Since June 9, 2009, by the decree of the President of the Azerbaijan Republic, the Garachug village of the Babek District is included in the scope of the administrative territorial unit of Nakhchivan city.

==Historical and archaeological monuments==
===Garachug Necropolis I===
Garachug Necropolis I - the archaeological monument of the Bronze Age, 3 km in the east from the city of Nakhchivan, near the Garachug village. It was discovered by chance in 1985. The area of the necropolis was stuck in the middle of the water in the island form when happened the flood in the Araz River, a part of the graves located on the sandy hill were washed out and destroyed. From Necropolis were found the samples of the painted pottery (mainly bowls, pots etc.), bowl-type ceramic containers made of pink colored clay, the pink colored of vase-type containers made from the hewed tuff stone. The findings were being typical for the middle Bronze Age, is assumed that it belongs to the 2100–1900 years of BC.

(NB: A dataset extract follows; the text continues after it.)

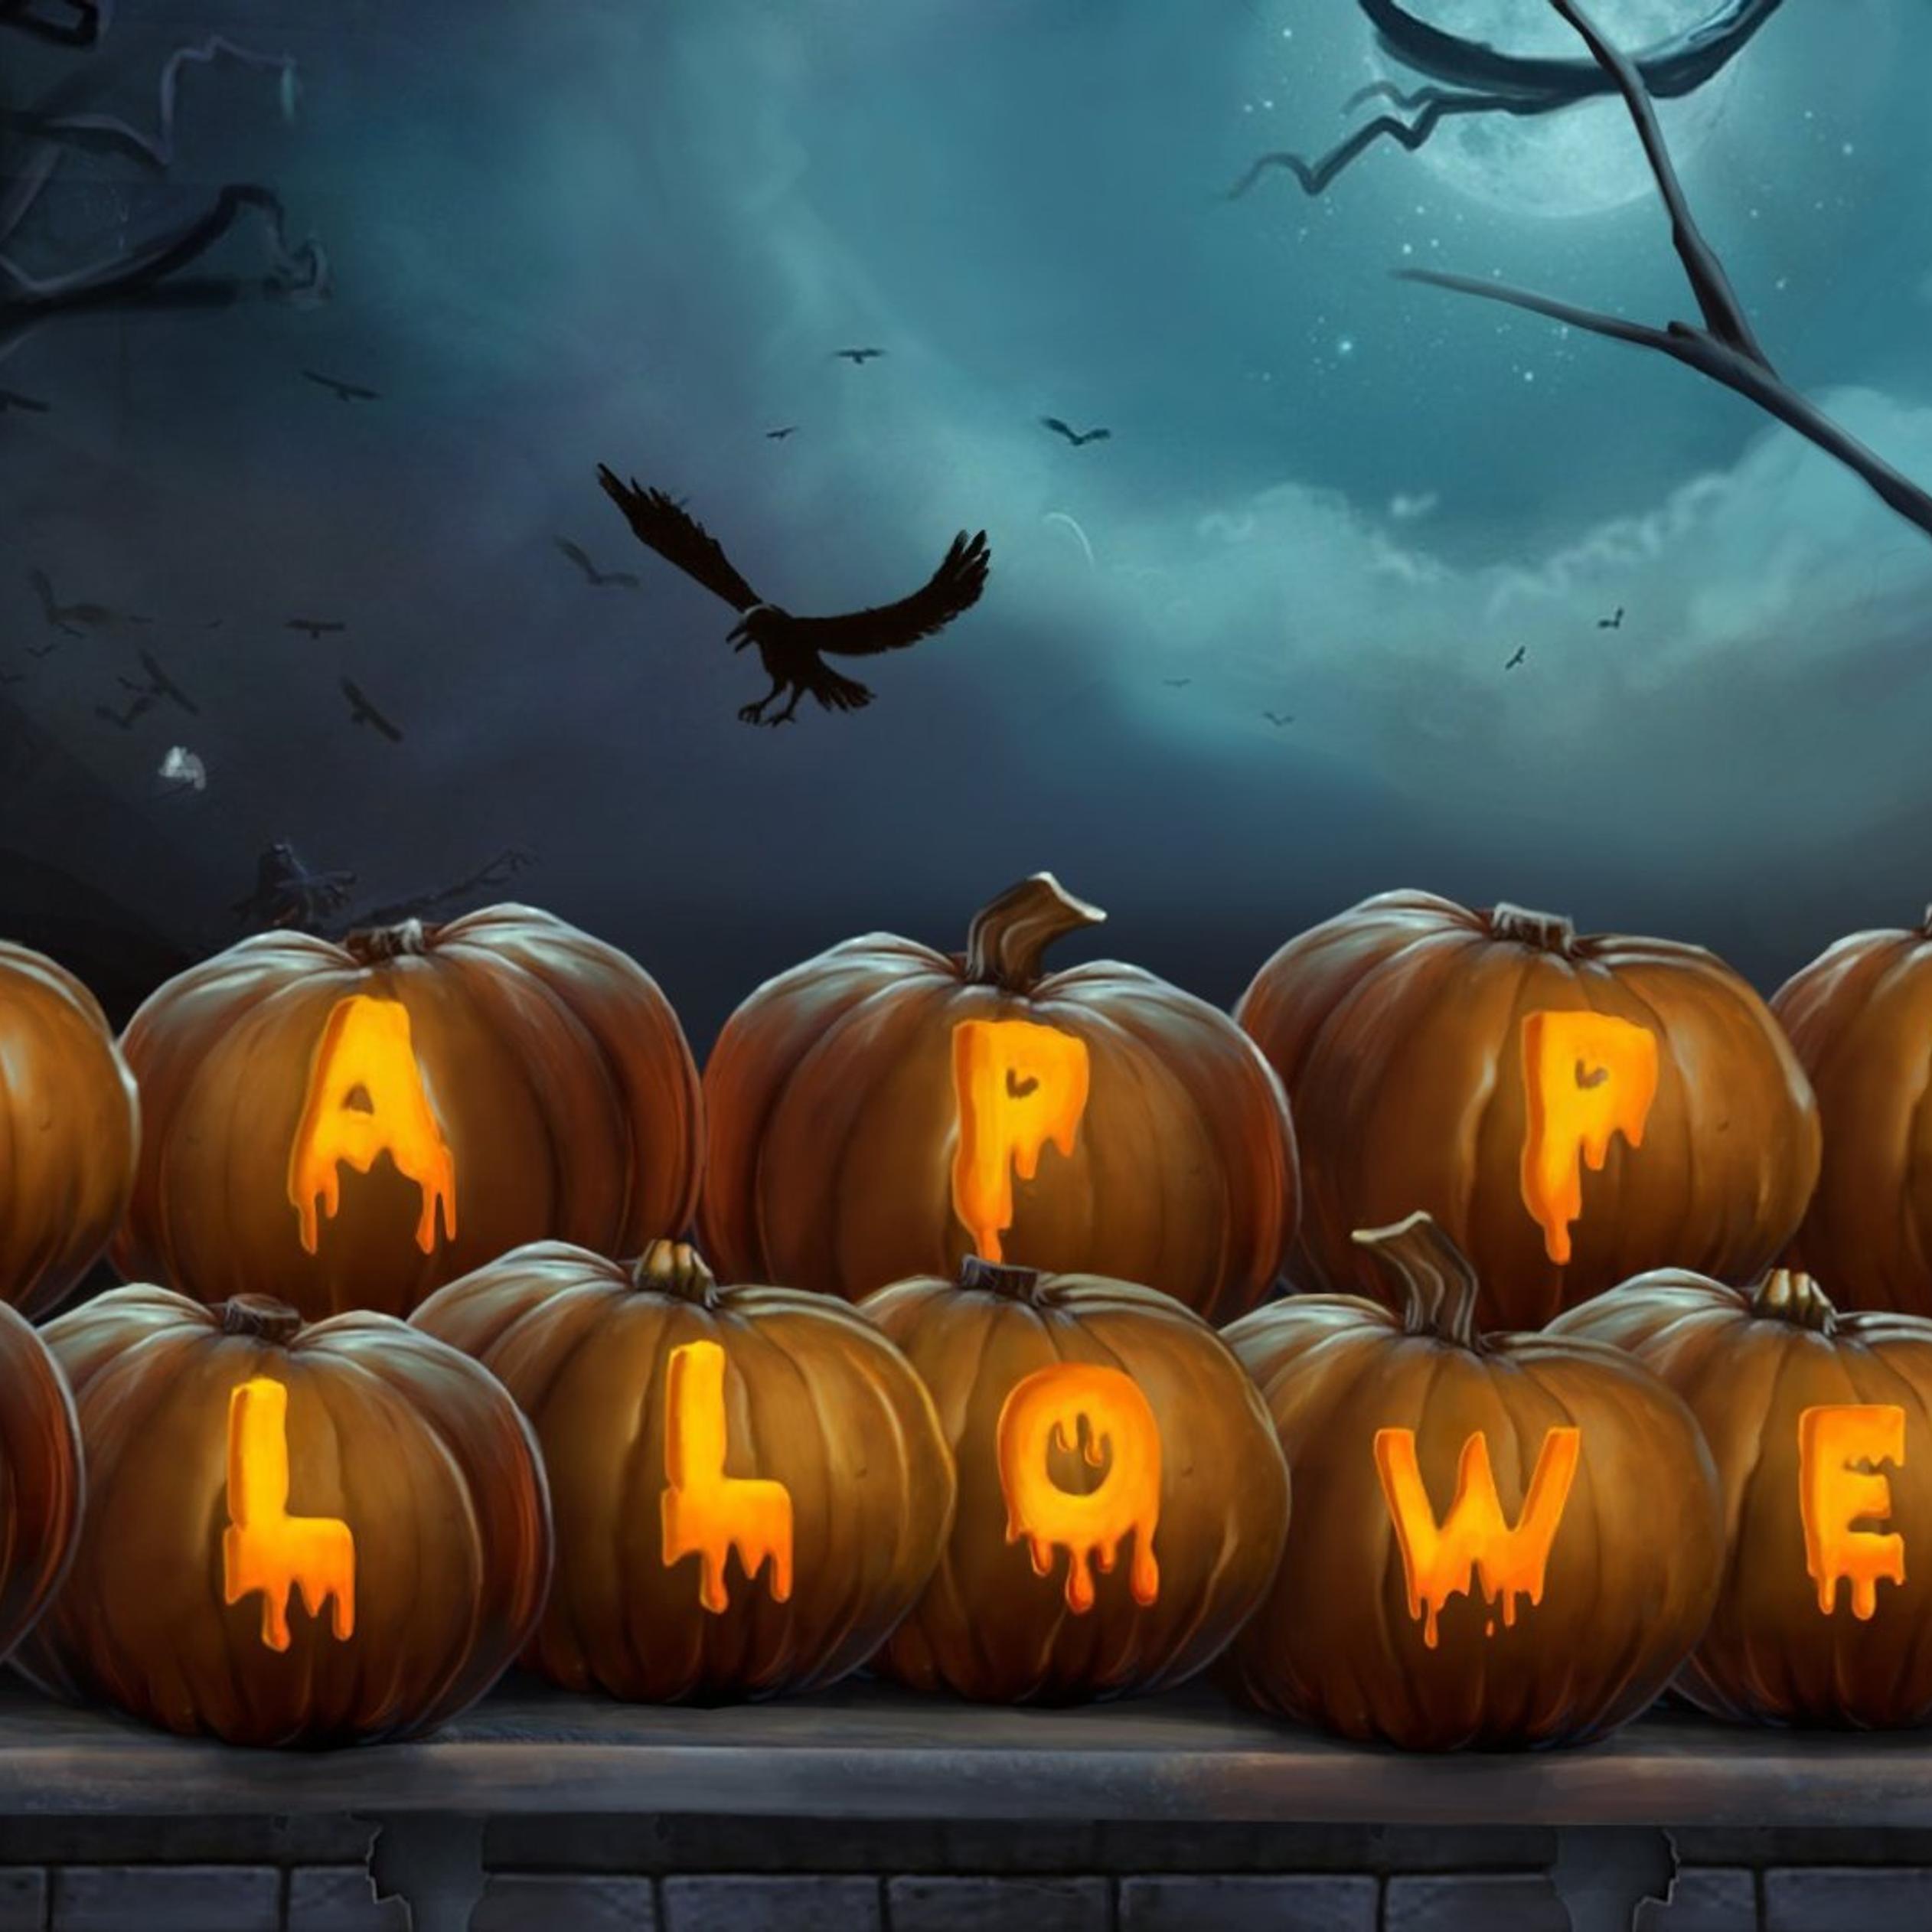 happy halloween write on pumpkins hd

===Garachug Necropolis II===
Garachug Necropolis II - the archaeological monument of the Middle Ages, 3 km in the east from the city of Nakhchivan, near the Garachug village. It flooded and destroyed during the construction of the Araz Water Reservoir. According to information, there were the grave monuments consisting from the tomb-type and stones in form of ram in the necropolis. The headstones of these monuments were made mostly from flat stone slabs; the top side of some of them were completed in the form of crown. There is an inscription in Arabic on a few of them. All of the dead were buried of the Muslim tradition in the necropolis. It is supposed that the monument belongs to the 12th–19th centuries.